Cyclic voltammogram of Pd-TiO 2/GCE in 0.1 M H 2 SO 4 solution at scan rate 50 mV s −1.
3.4 Electrocatalytic behaviour of Pd-TiO 2/GCE
To evaluate the activity of the Pd-TiO 2 catalyst, the electrocatalysis of HER was studied by linear scanning voltammetry (LSV), and results are shown in figure 6. As expected, the electrocatalytic activity improves at surface of Pd-TiO 2/GCE (curve b) as though the onset potential of HER occurs at about −0.4 V vs. Ag—AgCl—KCl 3M and is indicated by an abrupt increase of the cathodic current. Also, the experiment concerning HER on a bare GCE (curve a) was studied as shown in figure 6. As can be seen, at the same current density, the overpotential of HER at Pd-TiO 2/GCE is lower than that at GCE.
Linear sweep voltammograms of (a) bare GCE and (b) Pd-TiO 2/GCE in 0.1 M H 2 SO 4 at a scan rate of 5 mV s −1.
4 Conclusion
In summary, we demonstrated that Pd-doped TiO 2 nanoparticles can be easily formed by the sol–gel method.

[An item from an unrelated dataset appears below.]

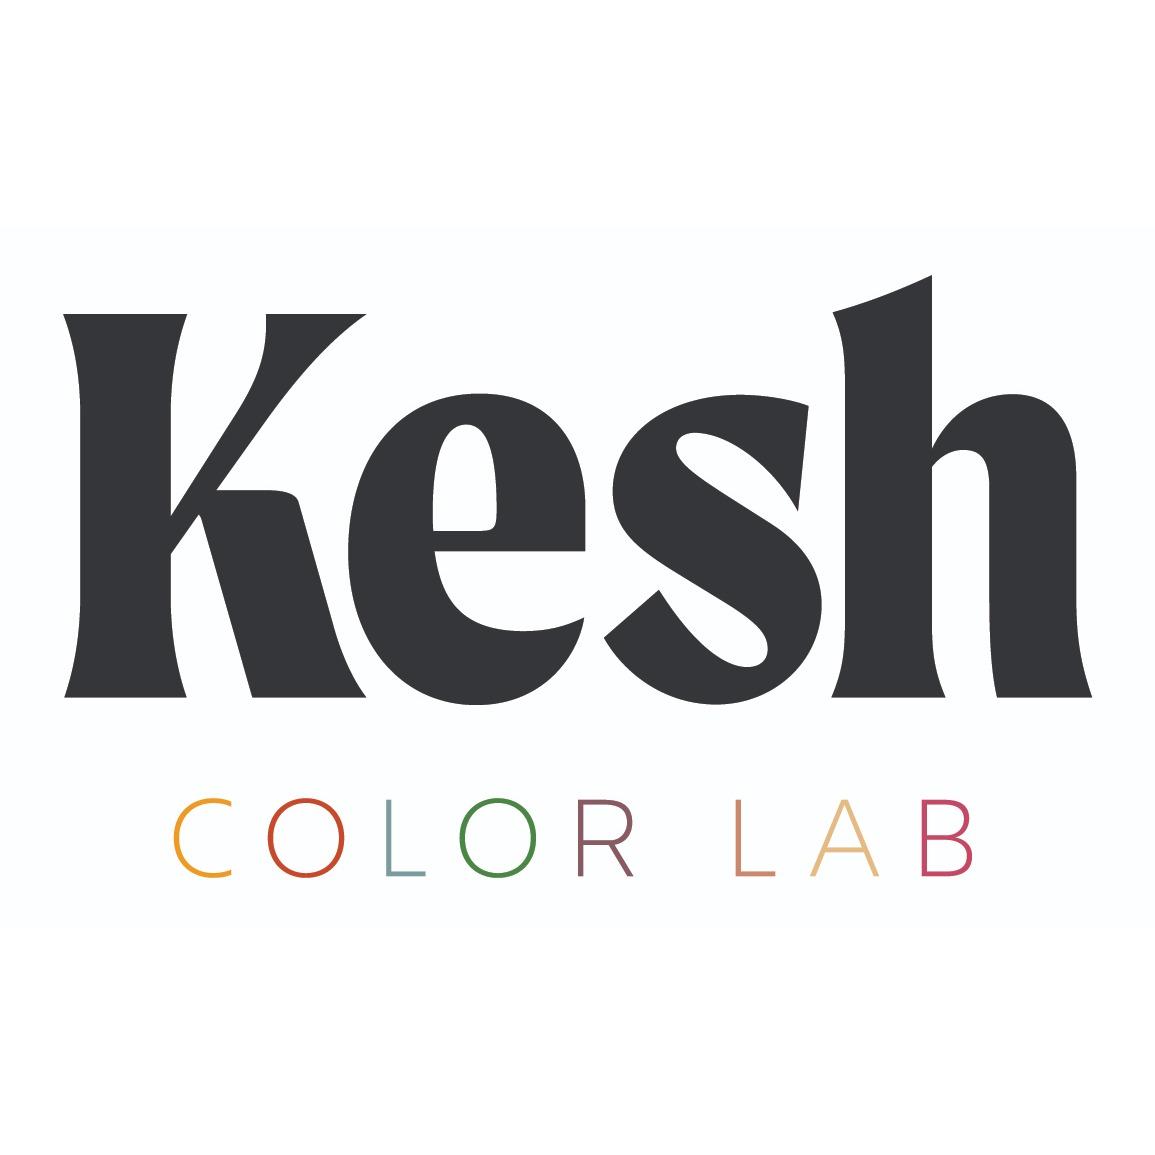 Color darkroom. Салон красоты Color Lab. Юджин логотип. Colorlab. Lab Colour.
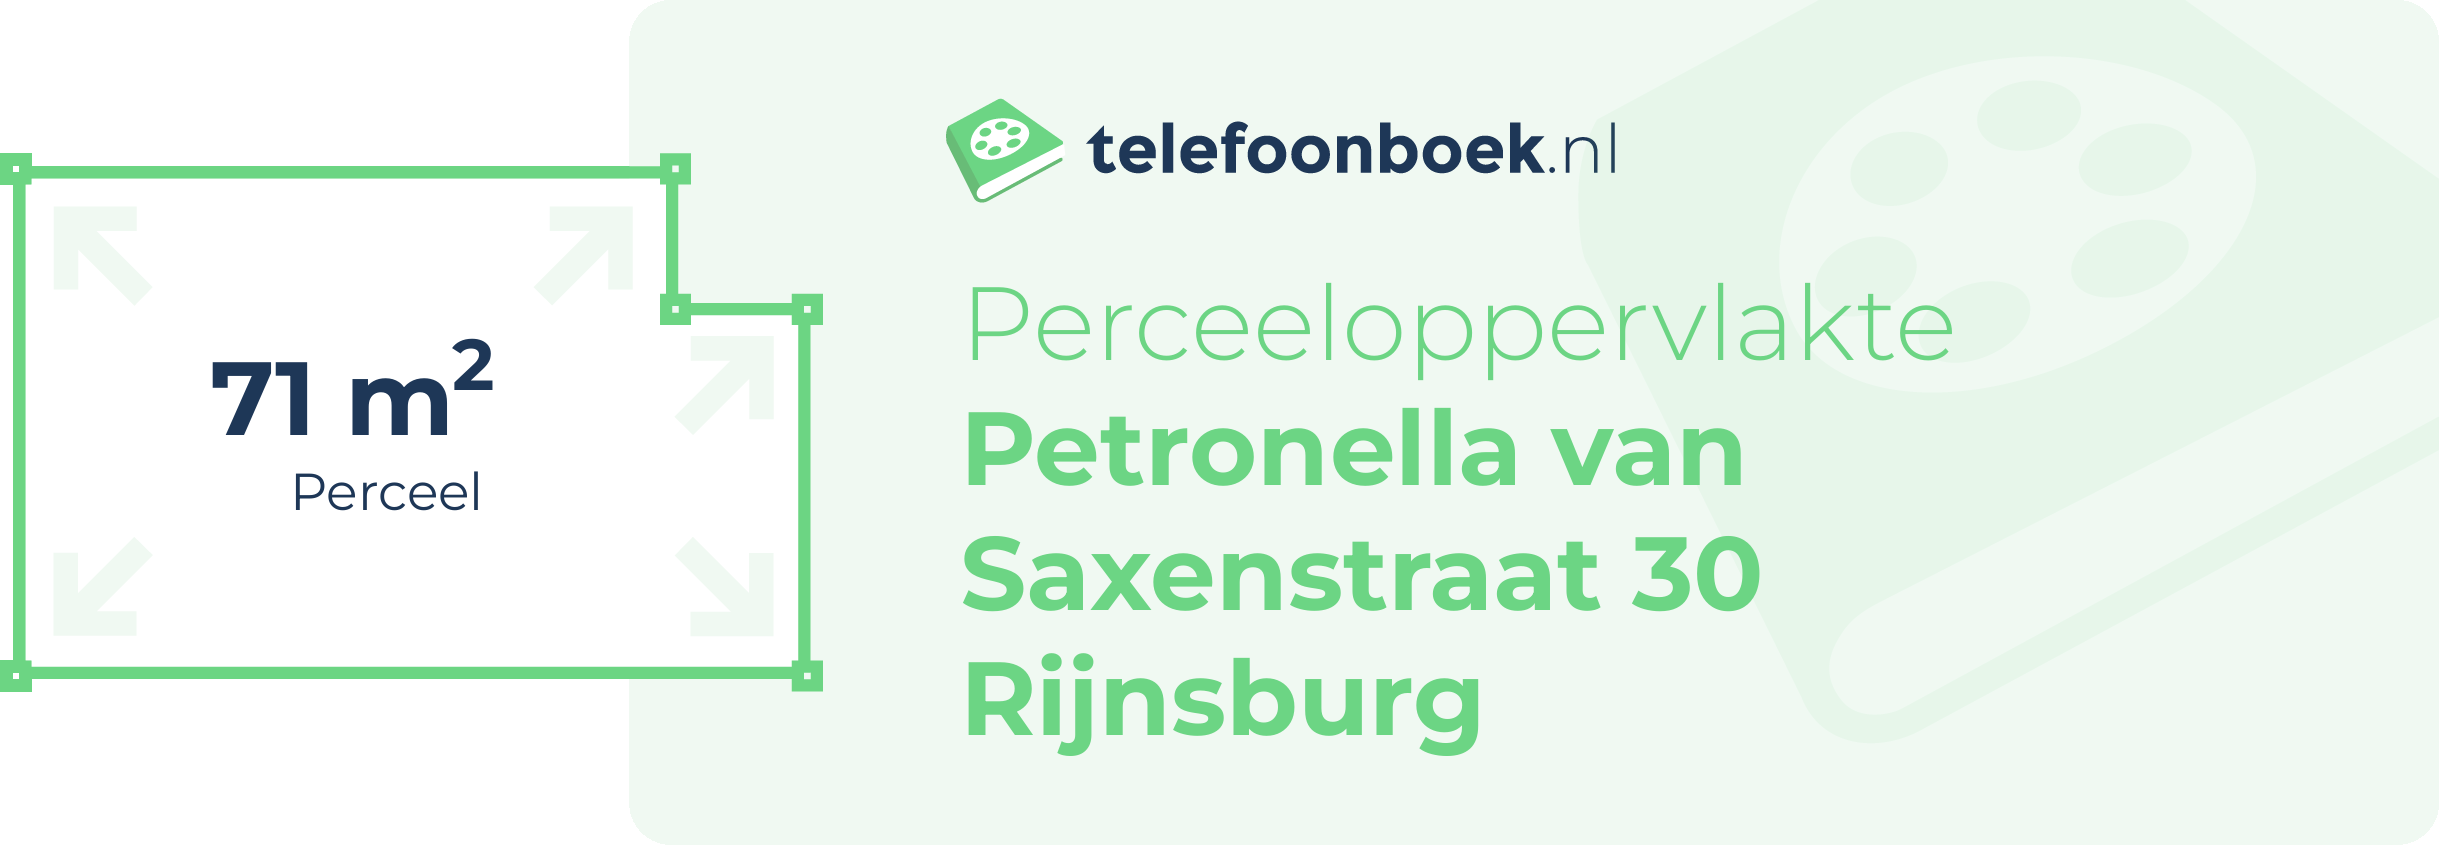 Perceeloppervlakte Petronella Van Saxenstraat 30 Rijnsburg

The analysis showed that particles are spherical in shape and pure anatase form with average size about 10 nm. To investigate the catalytic efficiency of Pd-TiO 2, the hydrogen evolution reaction was studied using the deposited film of Pd-TiO 2 on glassy carbon electrode in 0.1 M H 2 SO 4 solution using LSV. The electrocatalytic activity improves at surface of Pd-TiO 2/GCE as though the onset potential of HER occurs at about −0.4 V vs. Ag—AgCl—KCl 3M and is indicated by an abrupt increase of the cathodic current.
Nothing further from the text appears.